Meta-Science 101, Part 8: Snakes at the top

Now that we’re at the top of the epistemic pyramid, let’s see what diamonds we can find up here.  Here’s one systematic review that says smoking is causally related to lung cancer.  Here’s another meta-analysis that fails to find a link between childhood vaccinations and the development of autism.  And this meta-analysis shows that people can psychically detect the future via as-of-yet unknown nonphysical processes.

Wait, what?

This story starts in 2011, when esteemed Cornell psychologist Daryl Bem published a paper in the Journal of Personality and Social Psychology that reported the results of nine experiments testing for the existence of “retroactive influence,” or the idea that events in the future can affect people physiologically or behaviorally in the present.

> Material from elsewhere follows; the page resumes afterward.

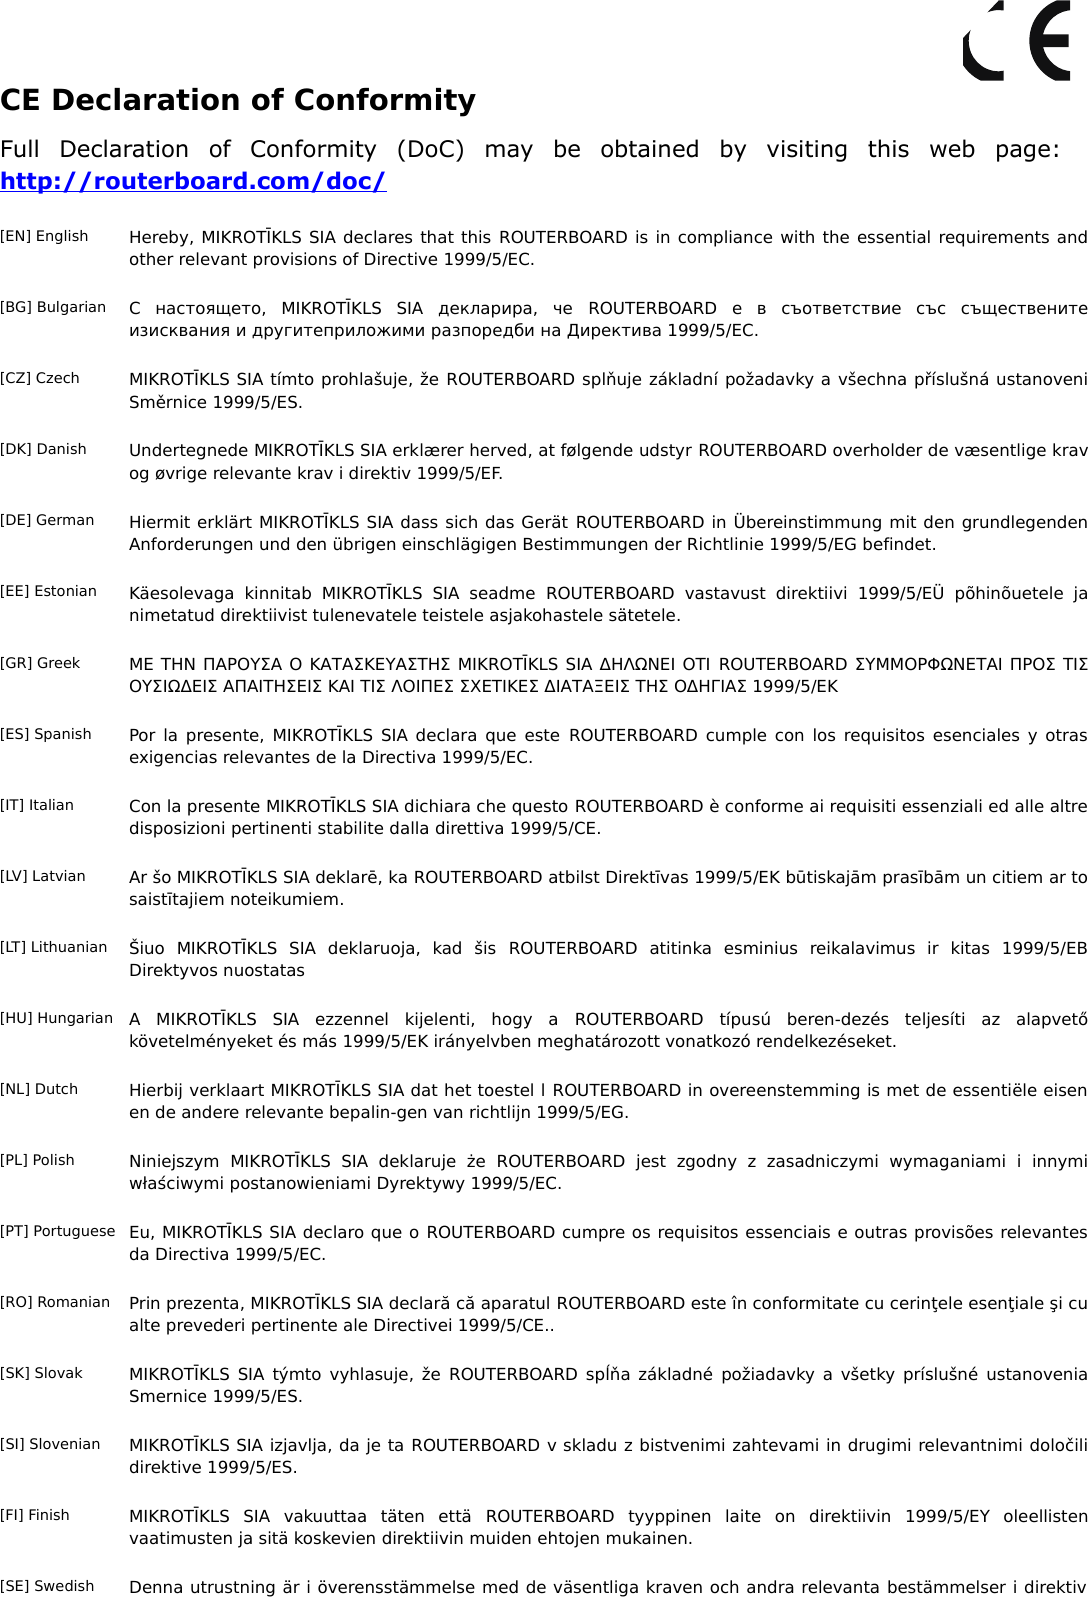 CE Declaration of ConformityFull   Declaration   of   Conformity   (DoC)   may   be   obtained   by   visiting   this   web   page: http://routerboard.com/doc/[EN] English Hereby, MIKROTĪKLS SIA declares that this ROUTERBOARD is in compliance with the essential requirements and other relevant provisions of Directive 1999/5/EC.[BG] Bulgarian С   настоящето,   MIKROTĪKLS   SIA   декларира,   че  ROUTERBOARD  е   в   съответствие   със   съществените изисквания и другитеприложими разпоредби на Директива 1999/5/EC.[CZ] Czech MIKROTĪKLS SIA tímto prohlašuje, že ROUTERBOARD splňuje základní požadavky a všechna příslušná ustanoveni Směrnice 1999/5/ES.[DK] Danish Undertegnede MIKROTĪKLS SIA erklærer herved, at følgende udstyr ROUTERBOARD overholder de væsentlige krav og øvrige relevante krav i direktiv 1999/5/EF.[DE] German Hiermit erklärt MIKROTĪKLS SIA dass sich das Gerät ROUTERBOARD in Übereinstimmung mit den grundlegenden Anforderungen und den übrigen einschlägigen Bestimmungen der Richtlinie 1999/5/EG befindet.[EE] Estonian Käesolevaga  kinnitab   MIKROTĪKLS  SIA  seadme  ROUTERBOARD  vastavust   direktiivi  1999/5/EÜ   põhinõuetele   ja nimetatud direktiivist tulenevatele teistele asjakohastele sätetele.[GR] Greek ΜΕ ΤΗΝ ΠΑΡΟΥΣΑ Ο ΚΑΤΑΣΚΕΥΑΣΤΗΣ MIKROTĪKLS SIA ΔΗΛΩΝΕΙ ΟΤΙ ROUTERBOARD ΣΥΜΜΟΡΦΩΝΕΤΑΙ ΠΡΟΣ ΤΙΣ ΟΥΣΙΩΔΕΙΣ ΑΠΑΙΤΗΣΕΙΣ ΚΑΙ ΤΙΣ ΛΟΙΠΕΣ ΣΧΕΤΙΚΕΣ ΔΙΑΤΑΞΕΙΣ ΤΗΣ ΟΔΗΓΙΑΣ 1999/5/ΕΚ[ES] Spanish Por la presente, MIKROTĪKLS SIA declara que este  ROUTERBOARD cumple con los requisitos esenciales y otras exigencias relevantes de la Directiva 1999/5/EC.[IT] Italian Con la presente MIKROTĪKLS SIA dichiara che questo ROUTERBOARD è conforme ai requisiti essenziali ed alle altre disposizioni pertinenti stabilite dalla direttiva 1999/5/CE.[LV] Latvian Ar šo MIKROTĪKLS SIA deklarē, ka ROUTERBOARD atbilst Direktīvas 1999/5/EK būtiskajām prasībām un citiem ar to saistītajiem noteikumiem.[LT] Lithuanian Šiuo   MIKROTĪKLS   SIA   deklaruoja,   kad   šis  ROUTERBOARD  atitinka   esminius   reikalavimus   ir   kitas   1999/5/EB Direktyvos nuostatas[HU] Hungarian A   MIKROTĪKLS   SIA   ezzennel   kijelenti,   hogy   a  ROUTERBOARD  típusú   beren-dezés   teljesíti   az   alapvető követelményeket és más 1999/5/EK irányelvben meghatározott vonatkozó rendelkezéseket.[NL] Dutch Hierbij verklaart MIKROTĪKLS SIA dat het toestel l ROUTERBOARD in overeenstemming is met de essentiële eisen en de andere relevante bepalin-gen van richtlijn 1999/5/EG.[PL] Polish Niniejszym   MIKROTĪKLS   SIA   deklaruje  że  ROUTERBOARD  jest   zgodny   z   zasadniczymi   wymaganiami   i   innymi właściwymi postanowieniami Dyrektywy 1999/5/EC.[PT] Portuguese Eu, MIKROTĪKLS SIA declaro que o ROUTERBOARD cumpre os requisitos essenciais e outras provisões relevantes da Directiva 1999/5/EC.[RO] Romanian Prin prezenta, MIKROTĪKLS SIA declară că aparatul ROUTERBOARD este în conformitate cu cerinţele esenţiale şi cu alte prevederi pertinente ale Directivei 1999/5/CE..[SK] Slovak MIKROTĪKLS SIA týmto vyhlasuje, že  ROUTERBOARD  spĺňa základné požiadavky a všetky príslušné ustanovenia Smernice 1999/5/ES.[SI] Slovenian MIKROTĪKLS SIA izjavlja, da je ta ROUTERBOARD v skladu z bistvenimi zahtevami in drugimi relevantnimi določili direktive 1999/5/ES.[FI] Finish MIKROTĪKLS   SIA   vakuuttaa   täten   että  ROUTERBOARD  tyyppinen   laite   on   direktiivin   1999/5/EY   oleellisten vaatimusten ja sitä koskevien direktiivin muiden ehtojen mukainen.[SE] Swedish Denna utrustning är i överensstämmelse med de väsentliga kraven och andra relevanta bestämmelser i direktiv

A priori, this idea seems absurd.  Events in the future haven’t happened yet, so how could they affect the present?  The causal arrow goes in only one temporal direction, and to find otherwise would seem to fly in the face of everything we know about physics.

But eight out of nine of Bem’s experiments found statistically significant evidence for “retroactive influence.”

Let’s get a sense of what these experiments entailed.  In a standard psych experiment not testing for retroactive influence, a participant might be asked to practice rehearsing 25 randomly selected words out of a list of 50 words.  Later, they would be asked to type as many of the words from the list as they could remember.  Of course, as you might expect, they generally recall the words that they practiced rehearsing more readily.

Bem basically just time-reverses this protocol.  The participants are still given the list of 50 words initially, but then are asked immediately in a surprise test to type as many of the 50 words they can remember.  Only after that are they asked to practice rehearsing 25 randomly selected words.  What Bem found is that the participants were better at recalling words in the initial surprise test if they were going to practice rehearsing them in the future.

So saying words in the future apparently helps you remember them right now.  Huh?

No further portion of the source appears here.